Профессор встает, под книжными полками закрытые ящики, он открывает один, ищет свой кожаный саквояж, коричневый, с раздутыми боками, с каким приходит к пациенту доктор.
— Он в шкафу, — говорит Элиза Киршбаум.
Он достает саквояж из шкафа, открывает его, проверяет содержимое, протягивает его Прейсу, который не считает нужным взглянуть.
— Медицинские инструменты.
— Хорошо, берите.
Элиза Киршбаум открывает шкаф, берет оттуда шарф, подает брату.
— Не нужно.

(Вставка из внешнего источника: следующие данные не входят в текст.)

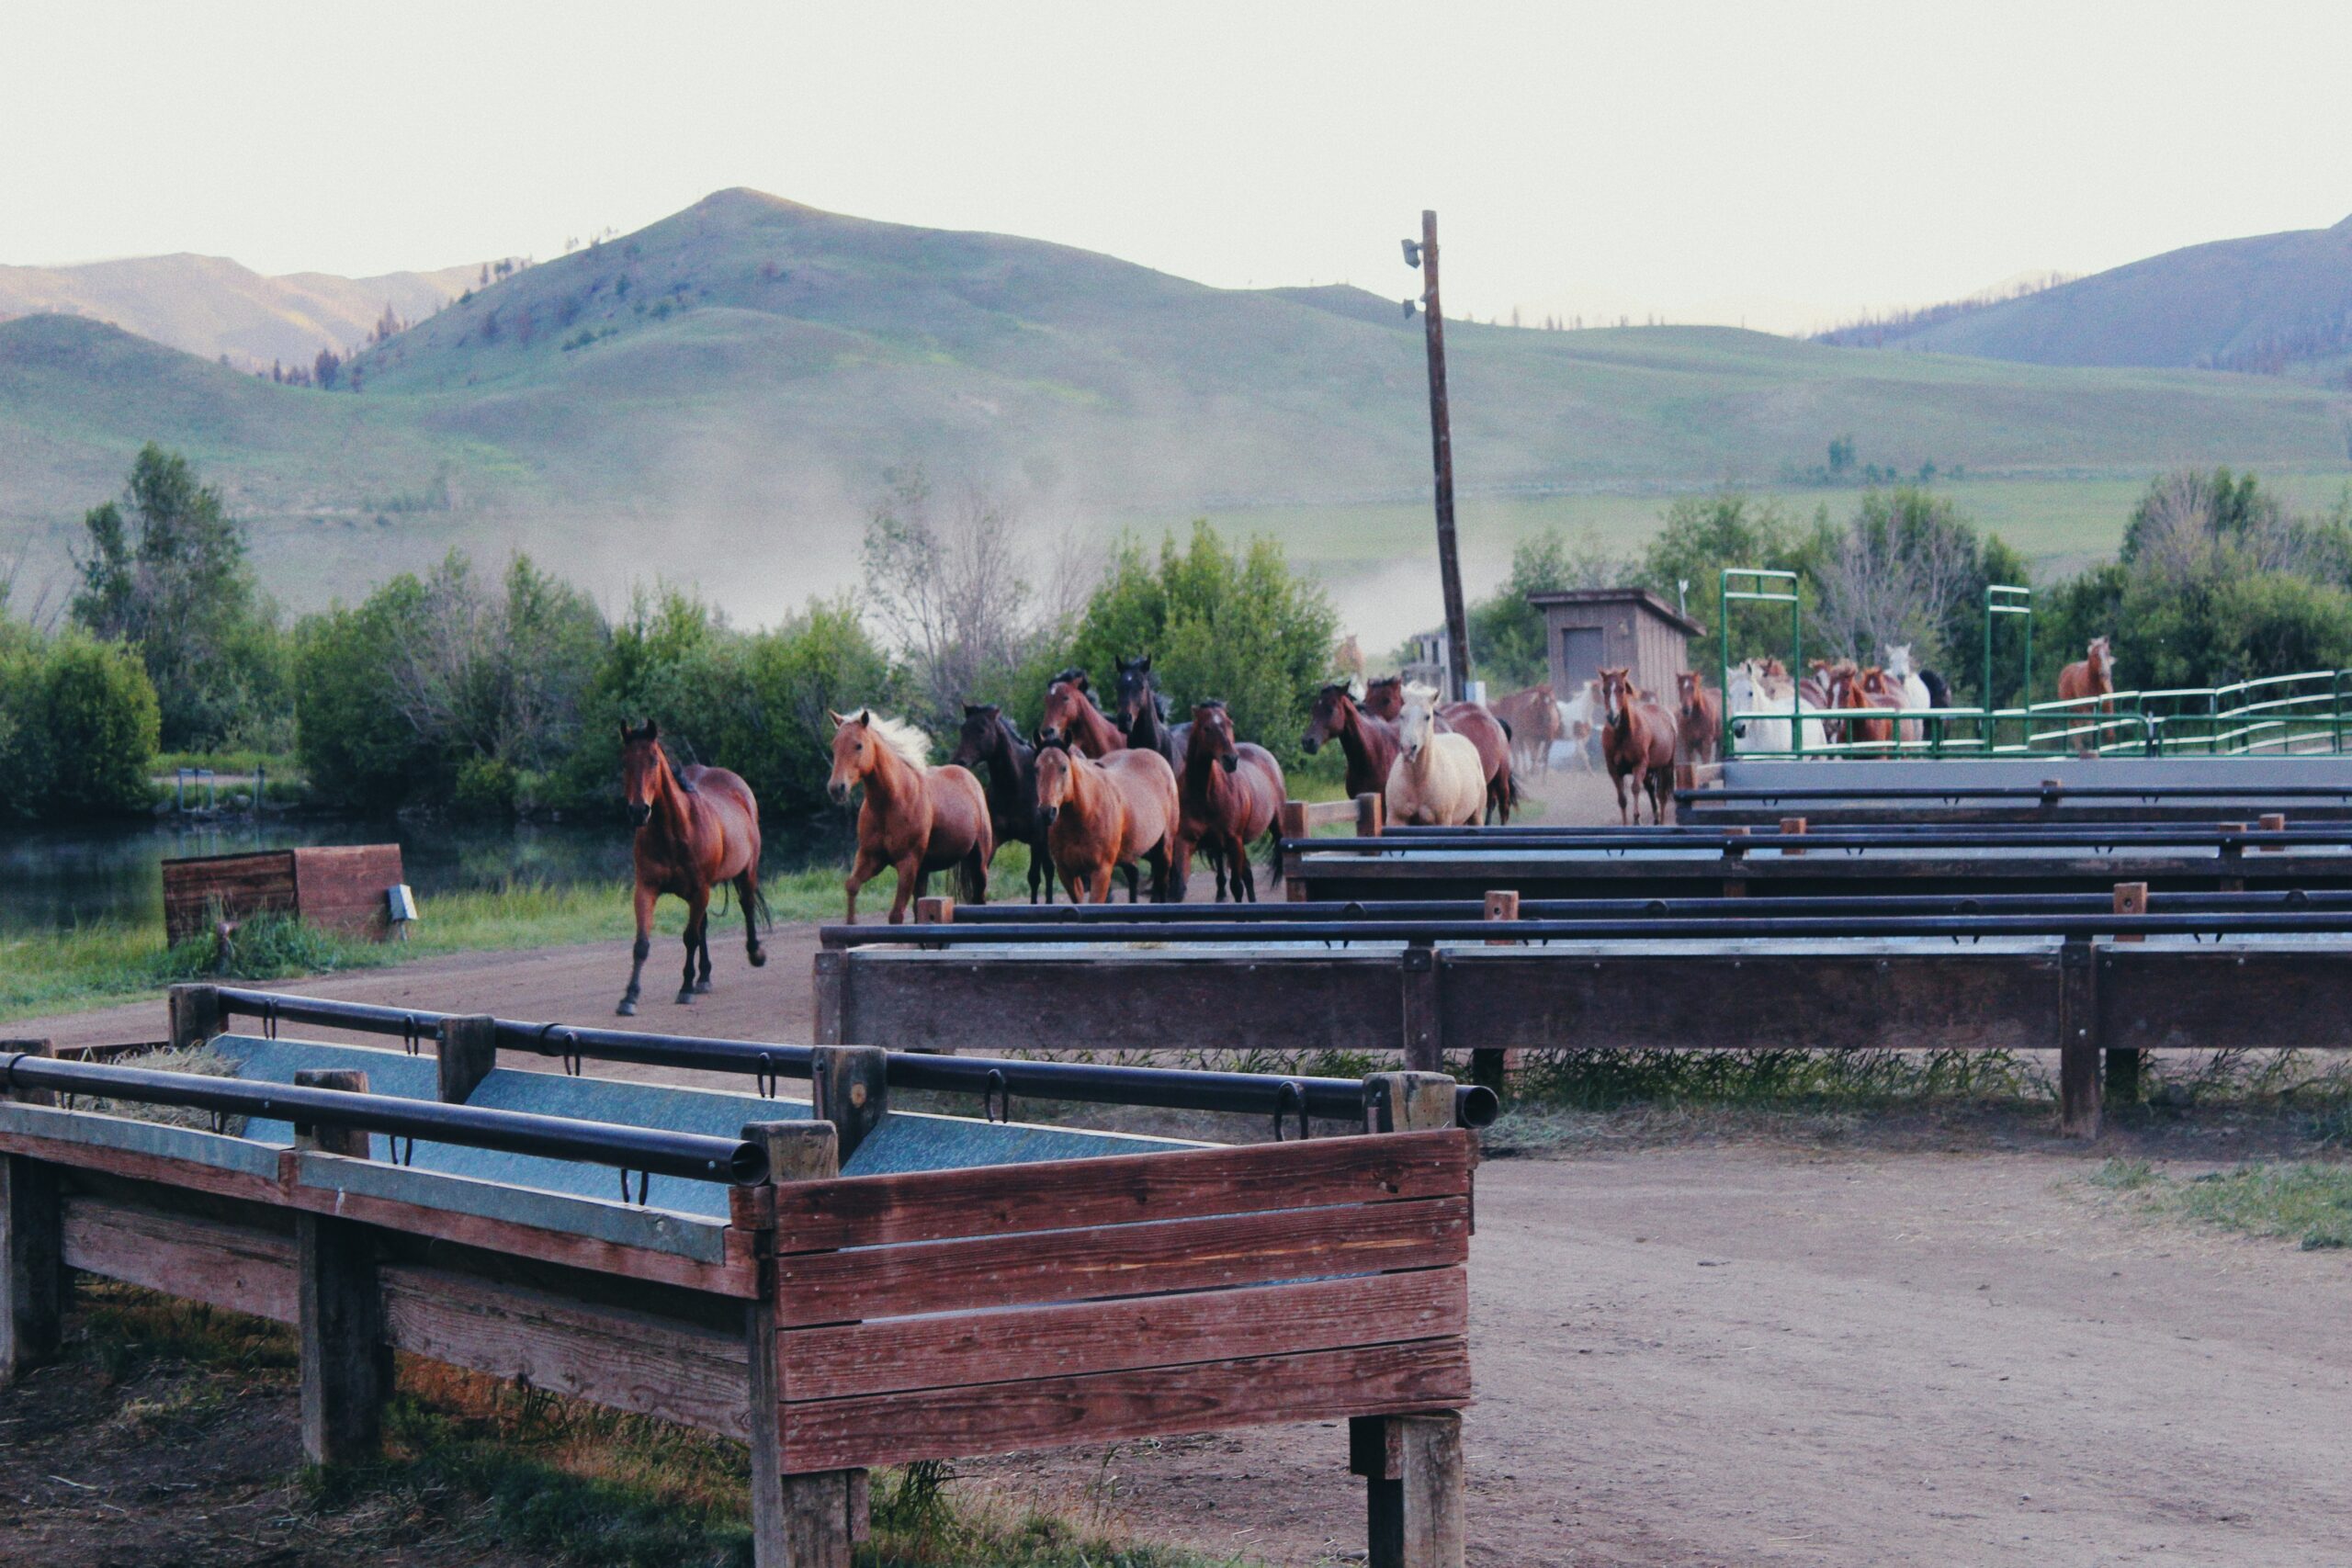 A group of horses running towards a group of troughs, with mountains in the background.

На улице тепло, — говорит он.
— Возьми, он тебе понадобится. Ты не знаешь, как холодно на улице после восьми.
Он засовывает шарф в саквояж, Майер открывает дверь, предстоит попрощаться, до свидания, Элиза.
— До свидания.
Так выглядит прощание.
Потом они выходят из дому, садятся в машину, несомненно в заранее определенном порядке, Прейс и профессор сзади, Майер впереди, рядом с эсэсовской формой. Элиза Киршбаум стоит у окна, вся улица стоит у окон, но только одно открыто. Машина сразу трогает, катит прямо по плоским камням тротуара, за ней плывет бледно-голубое облачко. В конце улицы она поворачивает налево, по направлению к Хартлоффу.